Yanındakilere, akrabalığının Mithat Paşa’ya dek dayandığım söylüyor...
— Eeee, diye düşünüyorum, o zaman Doğramacı’yla güç başa çıkılır...
Durup dururken:
— Gel seni bir öpeyim Ekmekçi, diyor. Haydaaaa.
Doğramacı’yı yıllardır tanıyorum; 1973 yılında “Yankı”ya kapak olmuştu. 5 kasım 1973 sayılı “Yankı”da Doğramacı ile ilgili olarak şöyle deniyor.

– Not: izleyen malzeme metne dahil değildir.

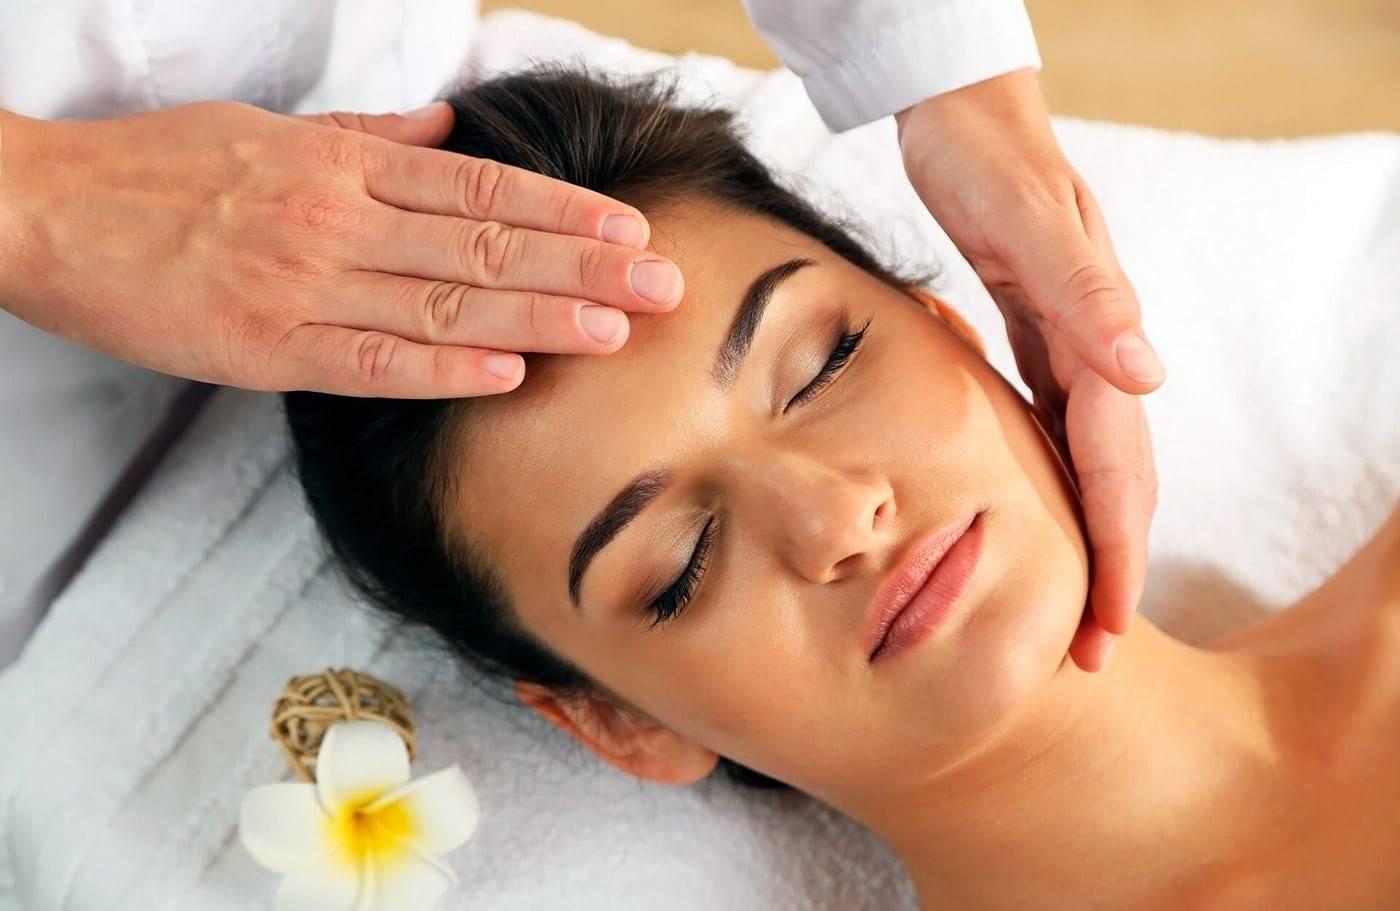 Применение ультразвукового массажа для омоложения

“... Meşru faaliyetlerin sadece kalıplaşmış usuller İçinde cereyan edebileceği fikrine tutumuyla karşı çıkan ve “olmaz” denilenleri kendine has ikna metodlarıyla gerçekleştiren İhsan Doğramacı’ya üniversite camiasında muhalif olan az değildi. “Diktatördür, diyenler de vardır. Ama kimse çıkıp Doğramacı’nın bütün çabalarından ne kendine ne de yakınlarına herhangi bir menfaat sağladığını ileri sürmemektedir. Zaman zaman ortaya atılan tepeden inme başbakanlığa getirileceği söylentilerine rağmen Doğramacı’nın siyasi hayata atılacağına yakınlarından inanan yoktur.

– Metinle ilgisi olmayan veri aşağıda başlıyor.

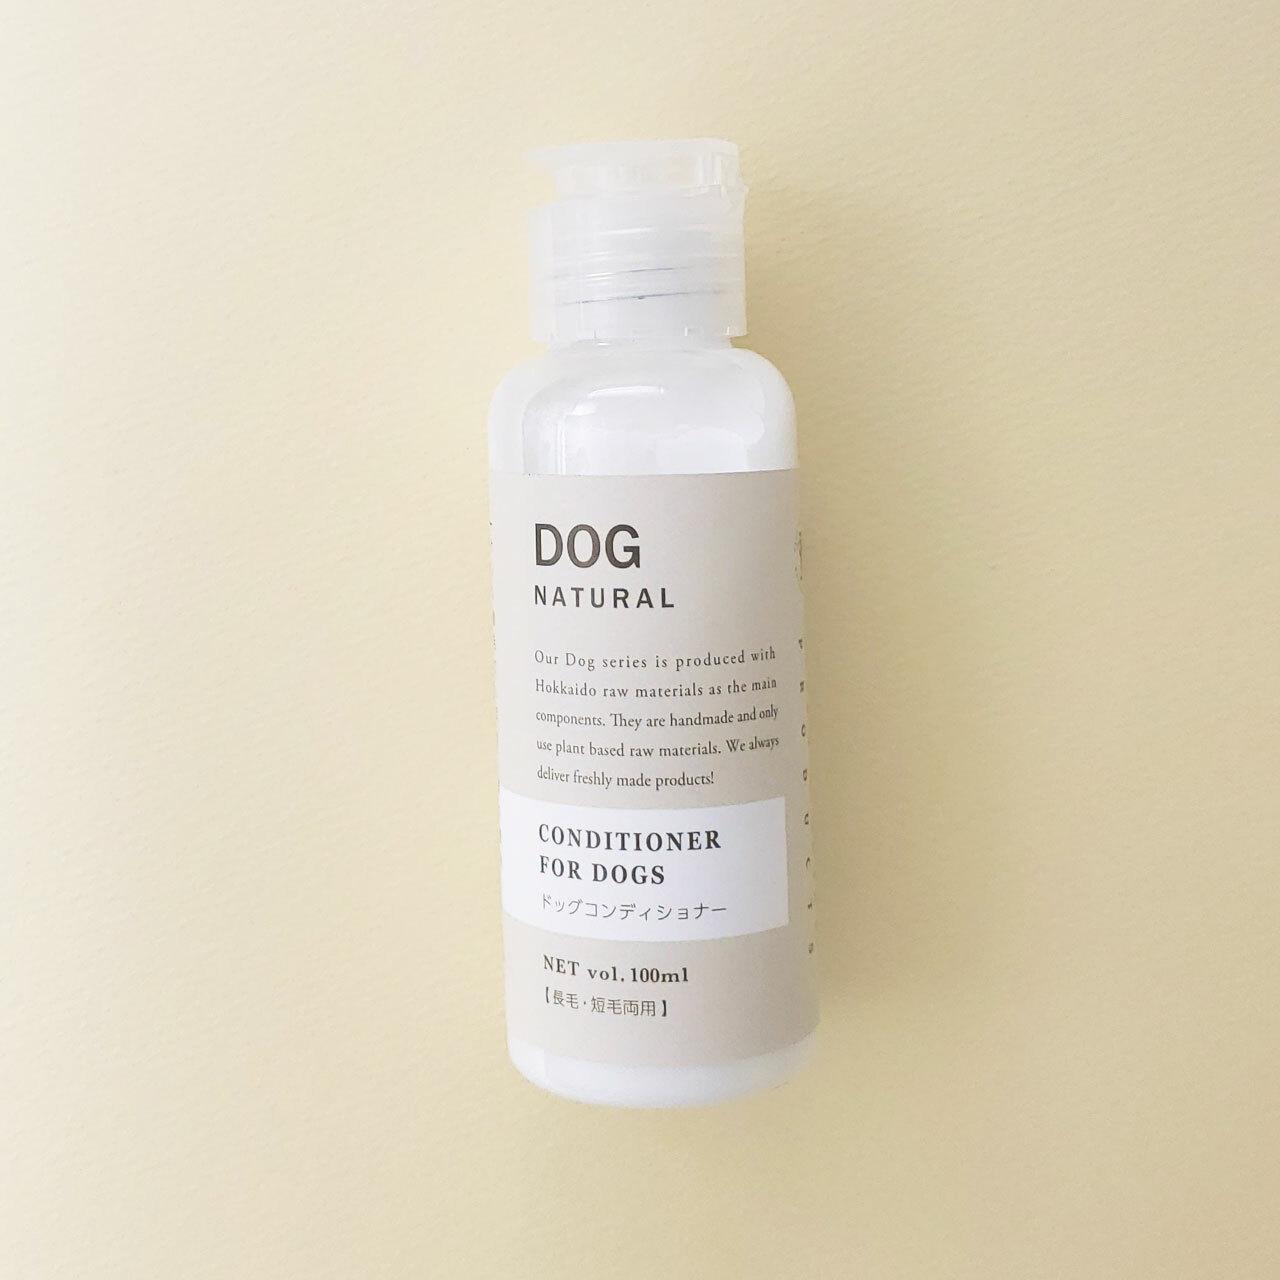 DOG 犬用コンディショナー

Irak’ın 1942 baskılı “Kim Kimdir?” kitabına göre, 4. Murat zamanında Sultan ile birlikte lrak’a gelmiş ve orada yerleşmiş Doğramacızade Karamehmet ailesinden gelen 59 yaşındaki (şimdi 68) Profesör İhsan Doğramacı şüphesiz Türkiye’nin en ilginç simalarından biridir.”
Dergide İhsan Doğramacı’nın 1969’da Şili’de o zamanki Cumhurbaşkanı Frei ve General Pinochet ile çekilmiş fotoğrafları da var. (Yankı, sayı 136, sayfa 20, 21, 22).